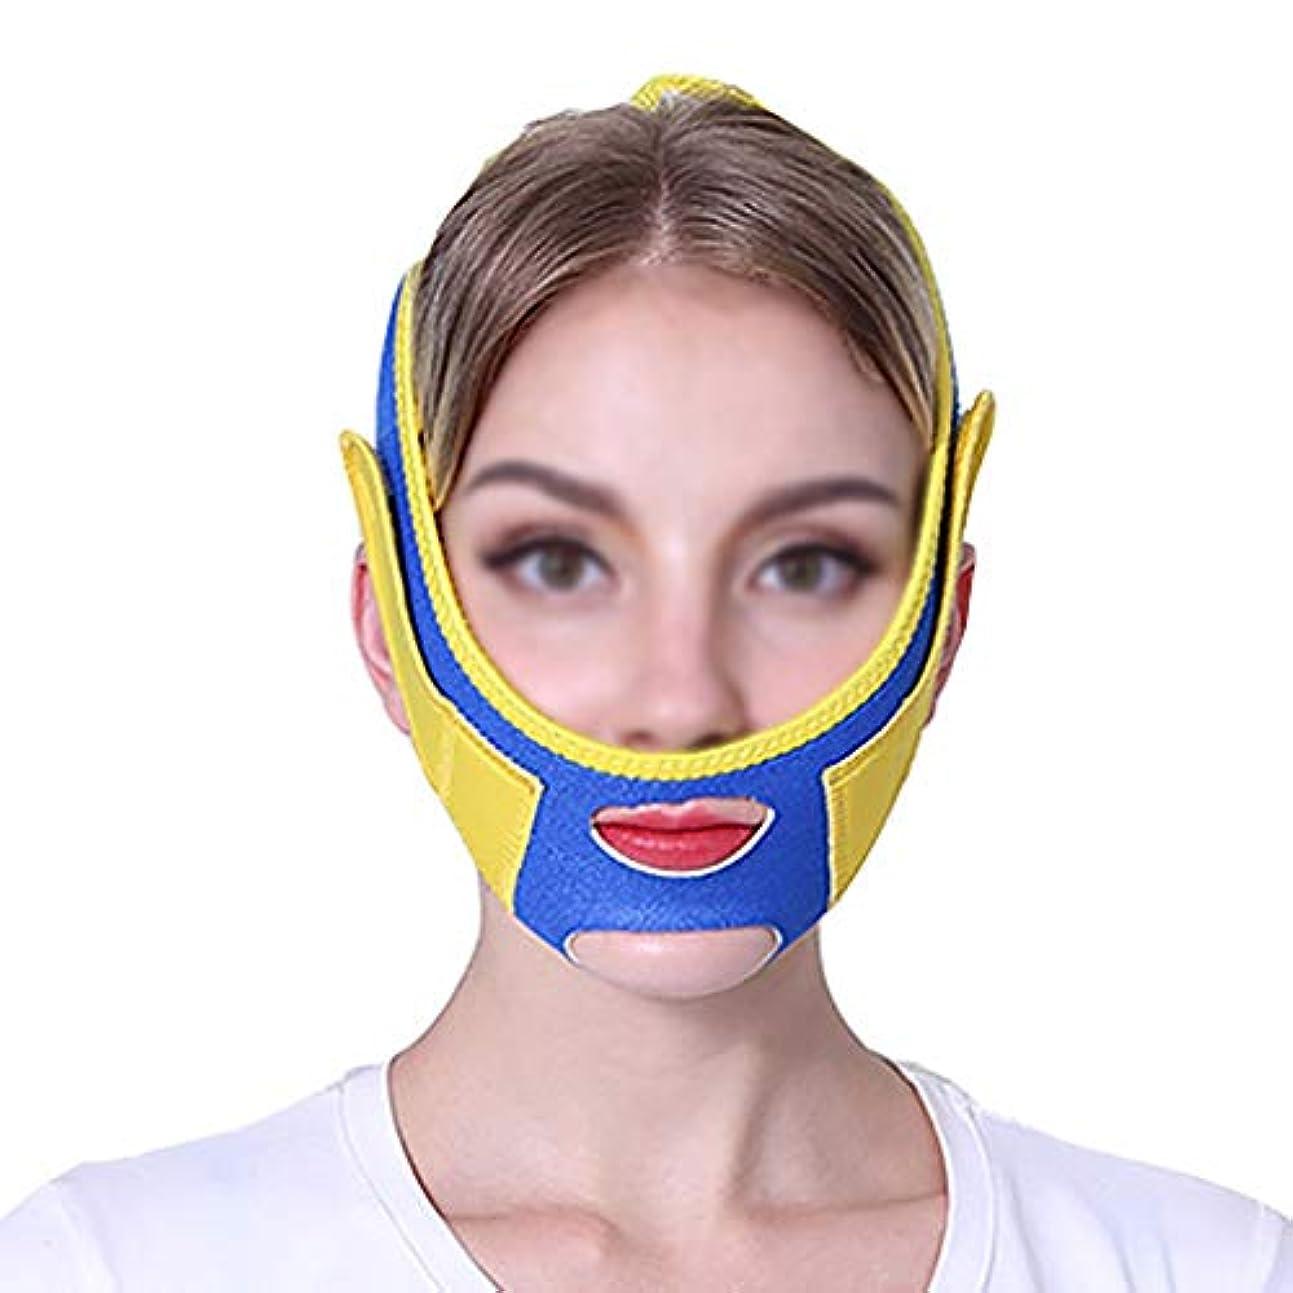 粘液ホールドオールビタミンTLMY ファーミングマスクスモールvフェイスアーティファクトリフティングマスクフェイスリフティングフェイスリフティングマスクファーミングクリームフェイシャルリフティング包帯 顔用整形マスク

---

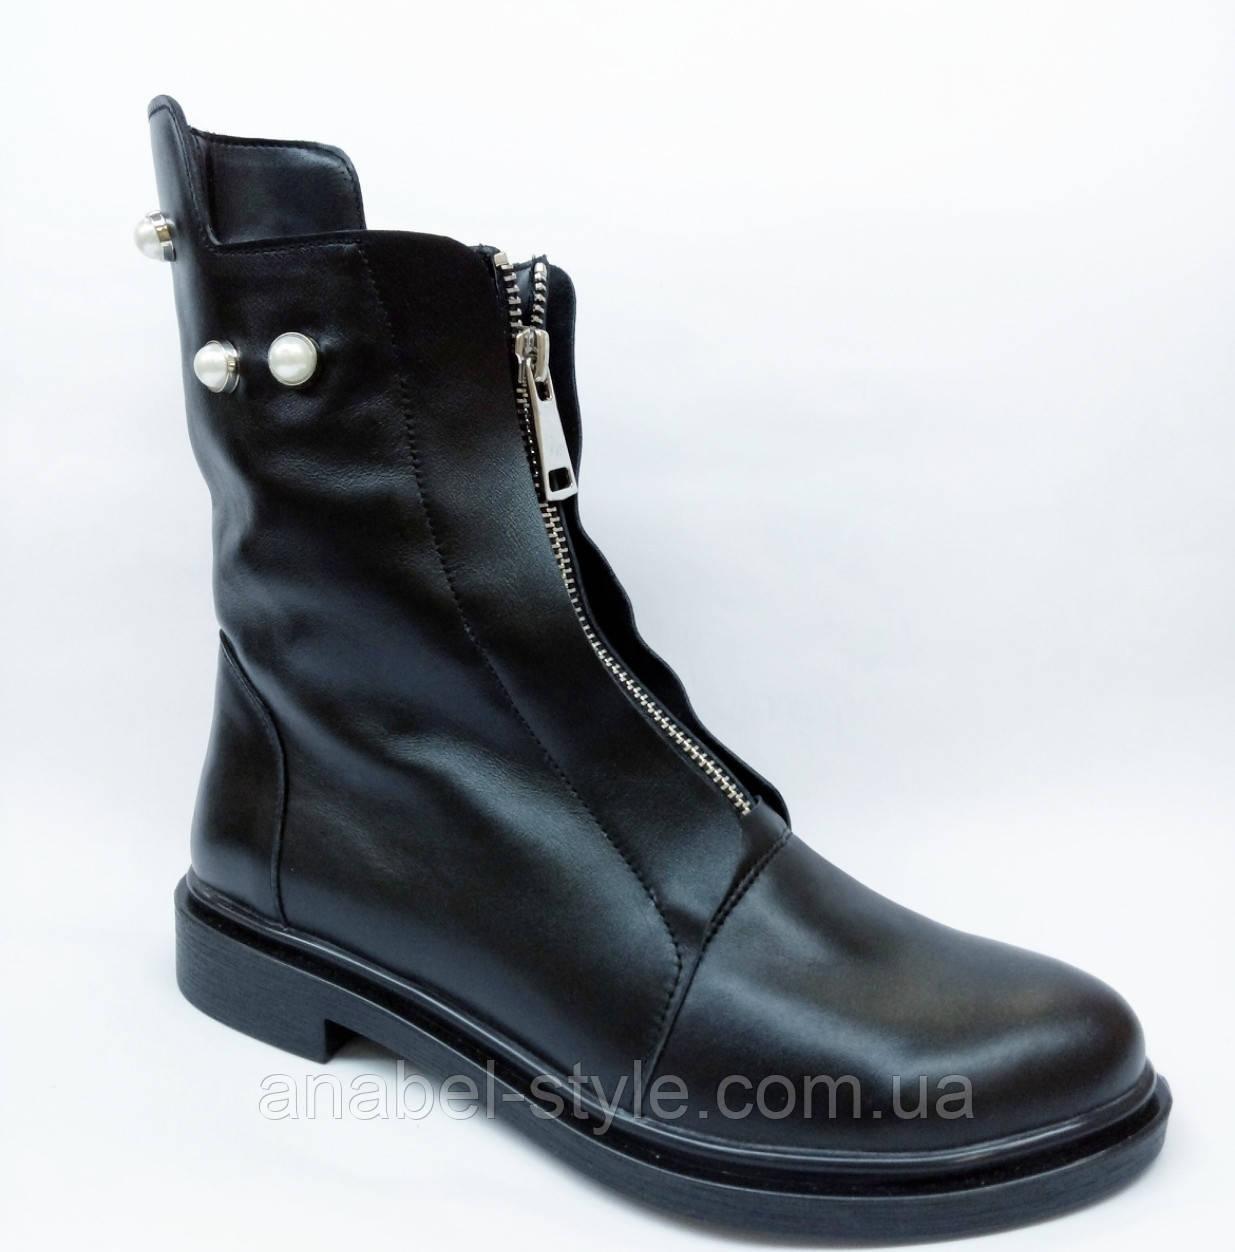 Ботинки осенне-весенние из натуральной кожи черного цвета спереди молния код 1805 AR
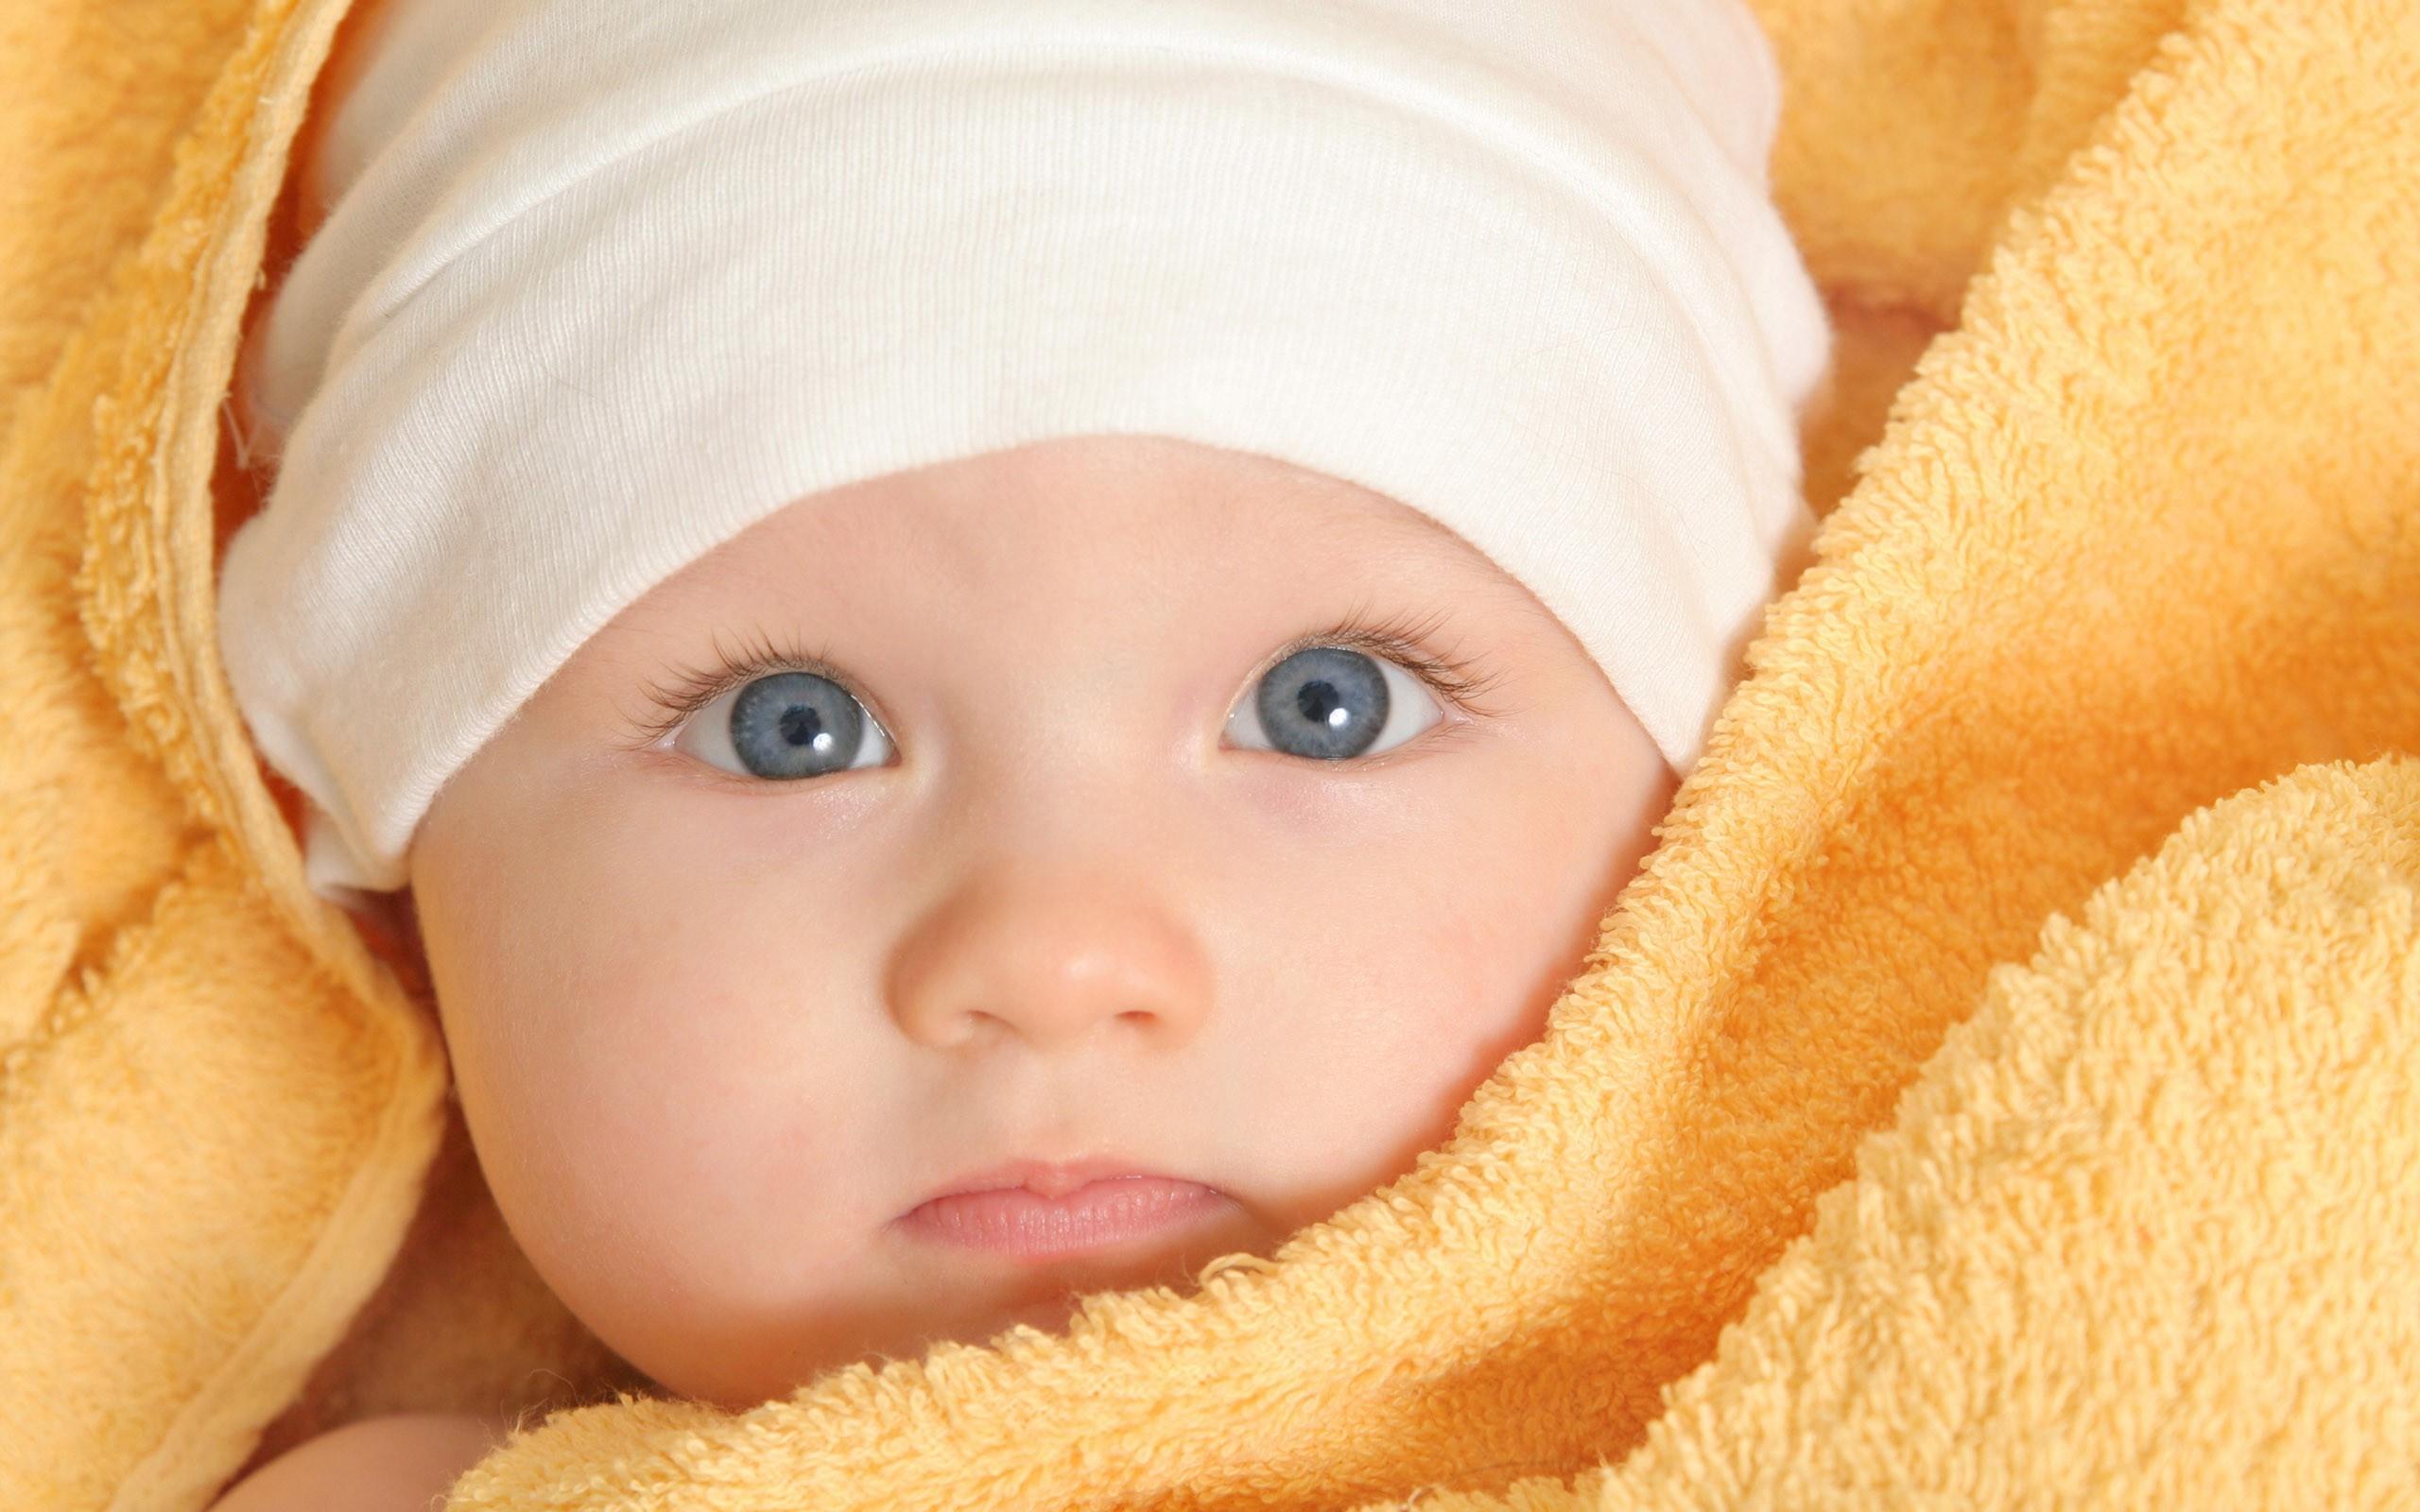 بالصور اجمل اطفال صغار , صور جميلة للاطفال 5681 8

--

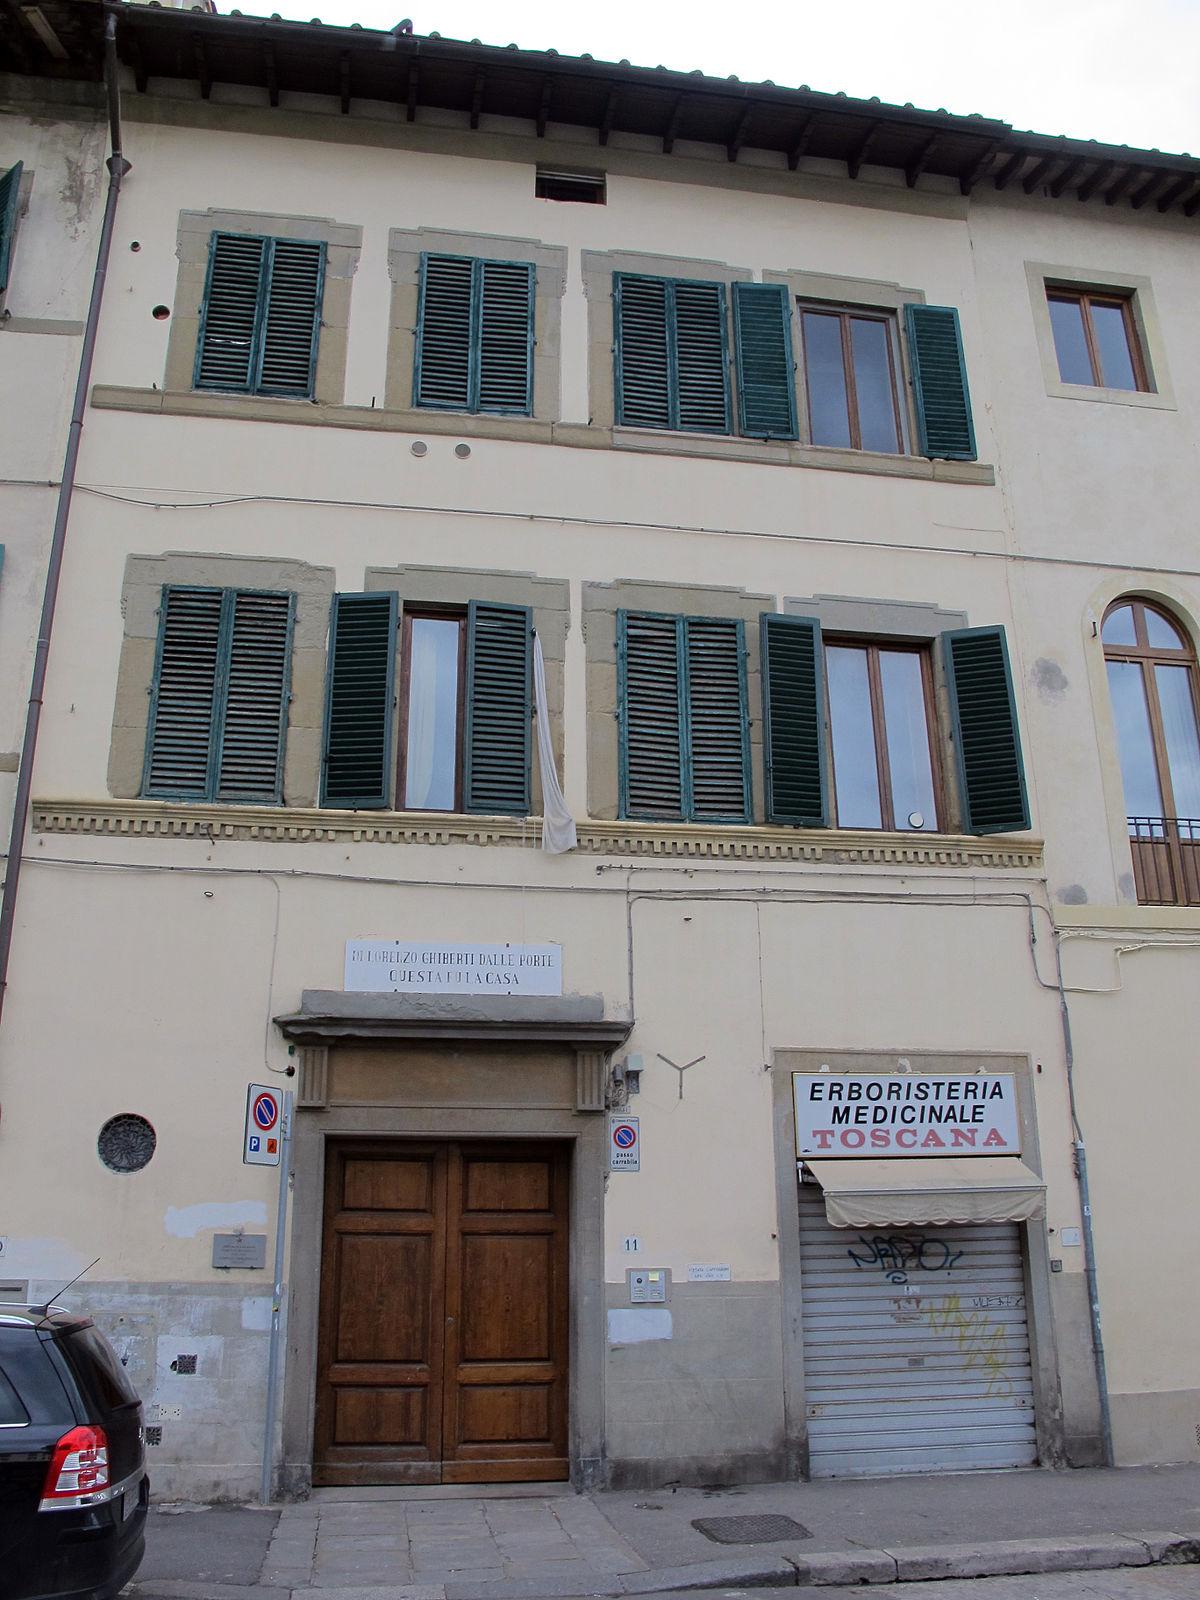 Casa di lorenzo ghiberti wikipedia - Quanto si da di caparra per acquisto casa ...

### What is required
Look above for the line with "Ботинки осенне-весенние из" and copy exactly from it through the line with "بالصور اجمل اطفال", both included. Omit the pictures.

### Solution to the exercise
 Ботинки осенне-весенние из натуральной кожи черного цвета спереди молния код 1805 AR
 بالصور اجمل اطفال صغار , صور جميلة للاطفال 5681 8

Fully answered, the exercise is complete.